Así fue. No había nada humano en el cumplimiento de la promesa a Abraham. No había óvulos ni periodo menstrual que pudieran asegurar que de Sara vendría el hijo de la promesa. El tiempo era su peor enemigo. La vejez, las arrugas, los dolores y el sepulcro a pocos pasos.
Allí impávidos, impotentes, débiles, se tomaban de la mano cada día y trataban de contar los granos de arena de algun puñado que tomaban de la ribera de algun arroyo.
Por la noche, con sus manos entrelazadas, se imaginaban en cada estrella el rostro de uno de sus hijos. Juntos, contaron más de una vez hasta mil, mil quinientas noventa y nueve, y tal vez les seguía pareciendo increíble. Pero se daban fuerza. Creyeron y les fue contado por justicia.
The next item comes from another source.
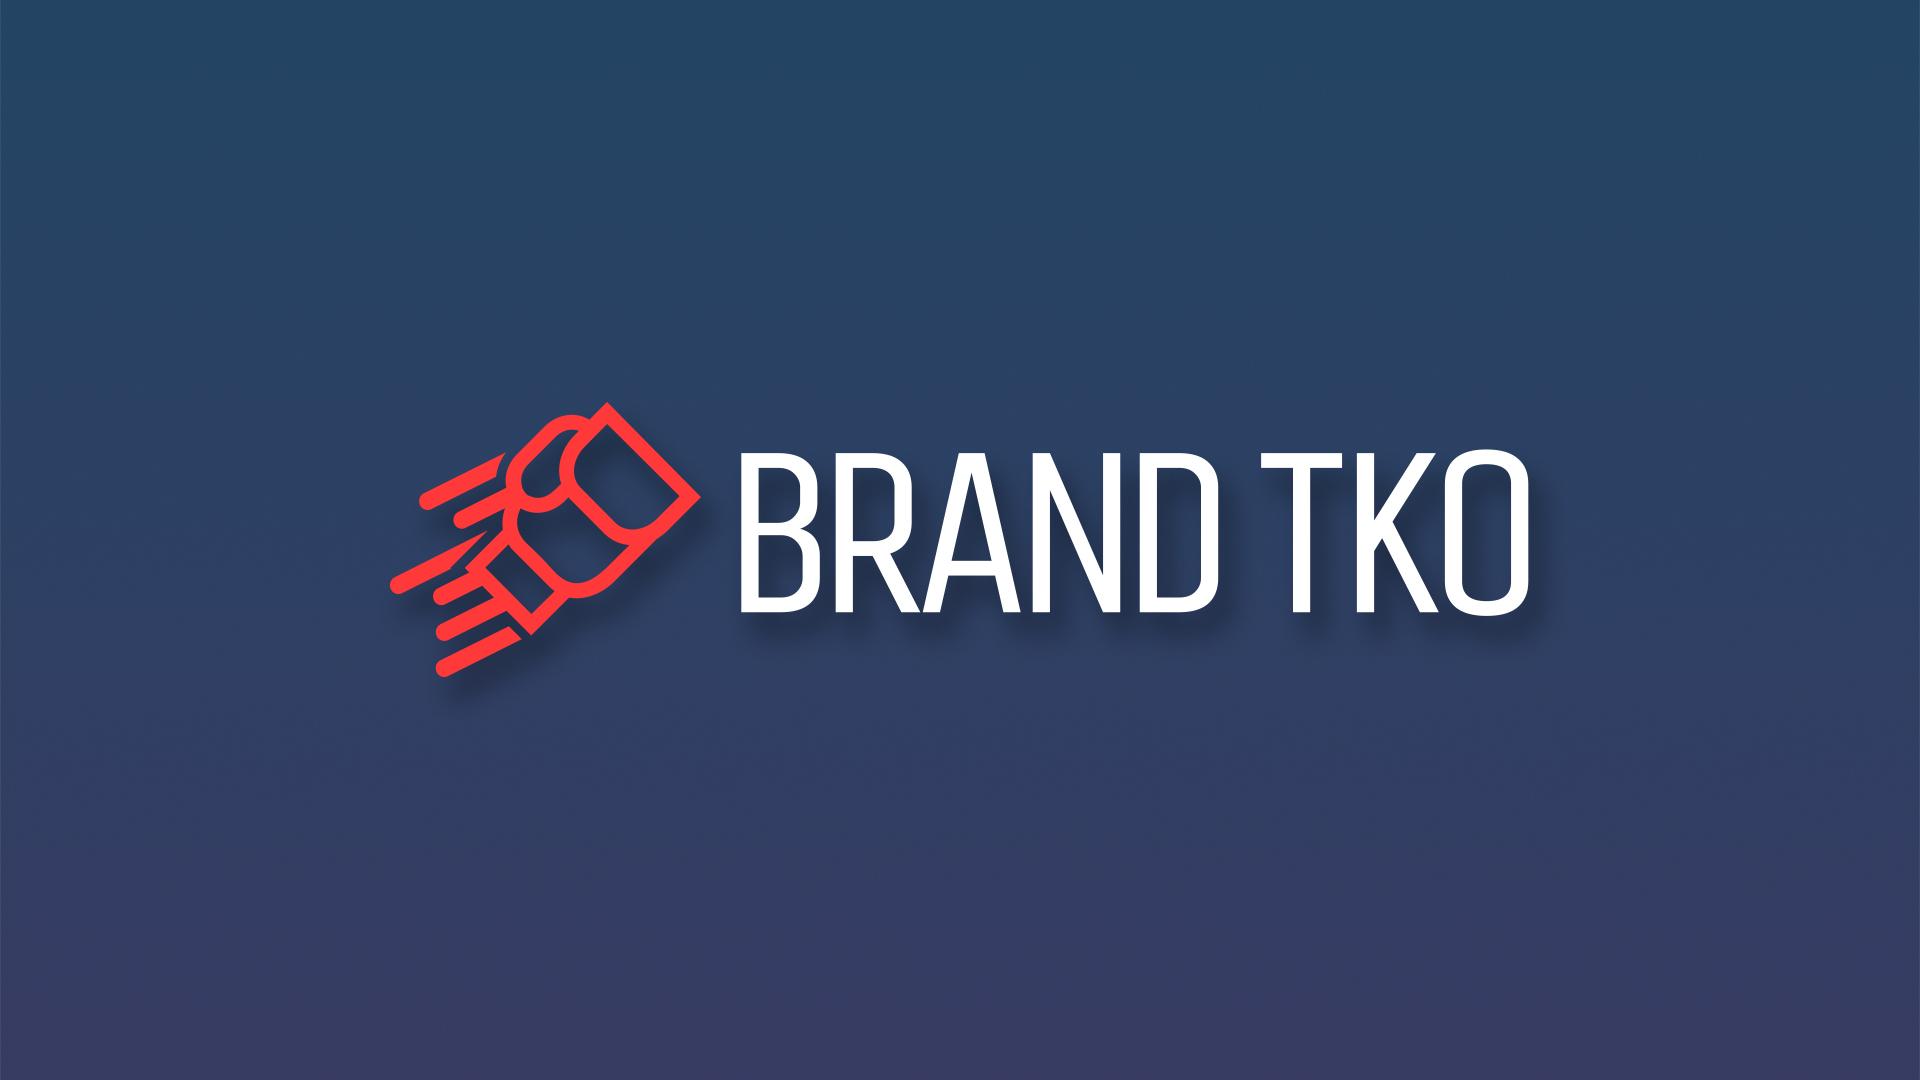 Brand TKO

Se equivocaron muchas veces, se rieron incrédulos, se adelantaron al plan divino e incluso quisieron echarle una mano a Dios para que el plan fuese adelante. Se deprimieron, se desesperaron, buscaron pruebas humanas, razones lógicas y no las hallaron.
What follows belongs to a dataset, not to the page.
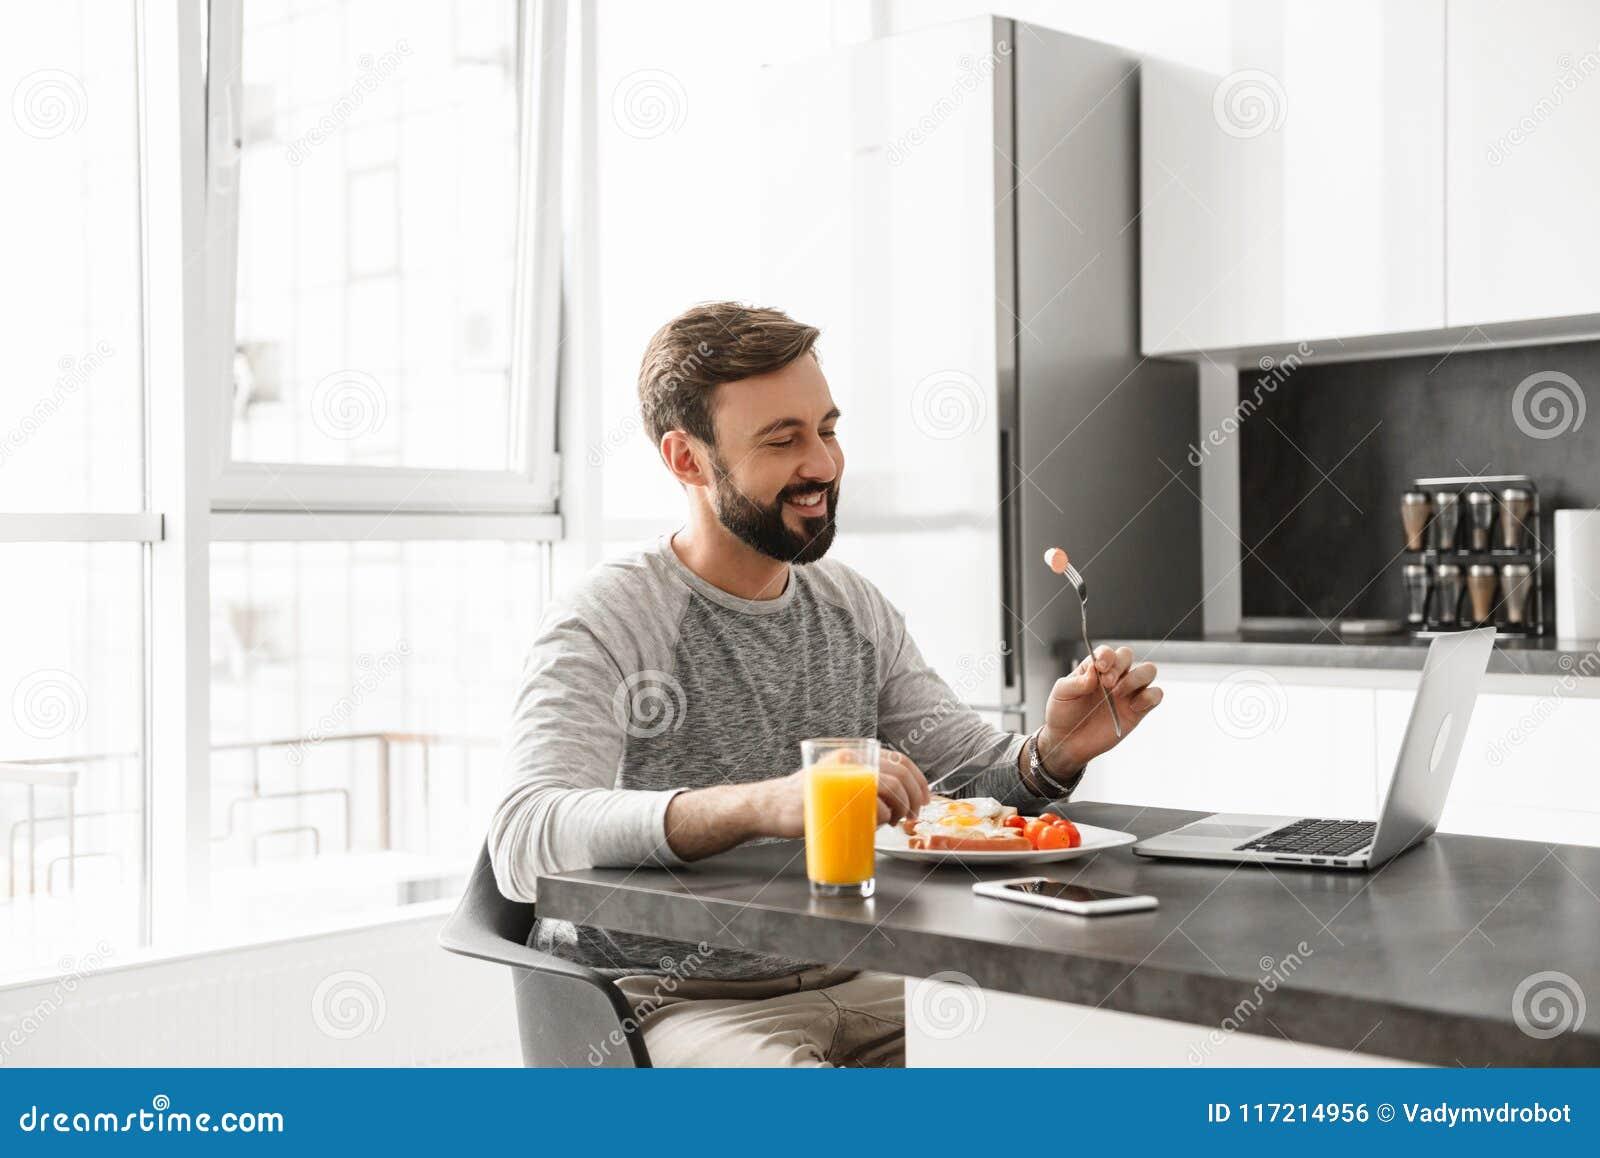 Portret uśmiechnięty młody człowiek ma śniadanie

Pero la promesa estaba ahí: nación grande, nombre grande, gran bendición. Solo tenían que elevar su mirada al cielo por la noche y ver lo que nadie más podía percibir.
Hoy, contempla el cielo o el mar. La promesa se cumplirá, aunque no haya razones lógicas para creer. ¿te parece imposible que suceda? ¡vas bien! Dios empieza a actuar precisamente así, porque lo imposible para el hombre es posible de Dios.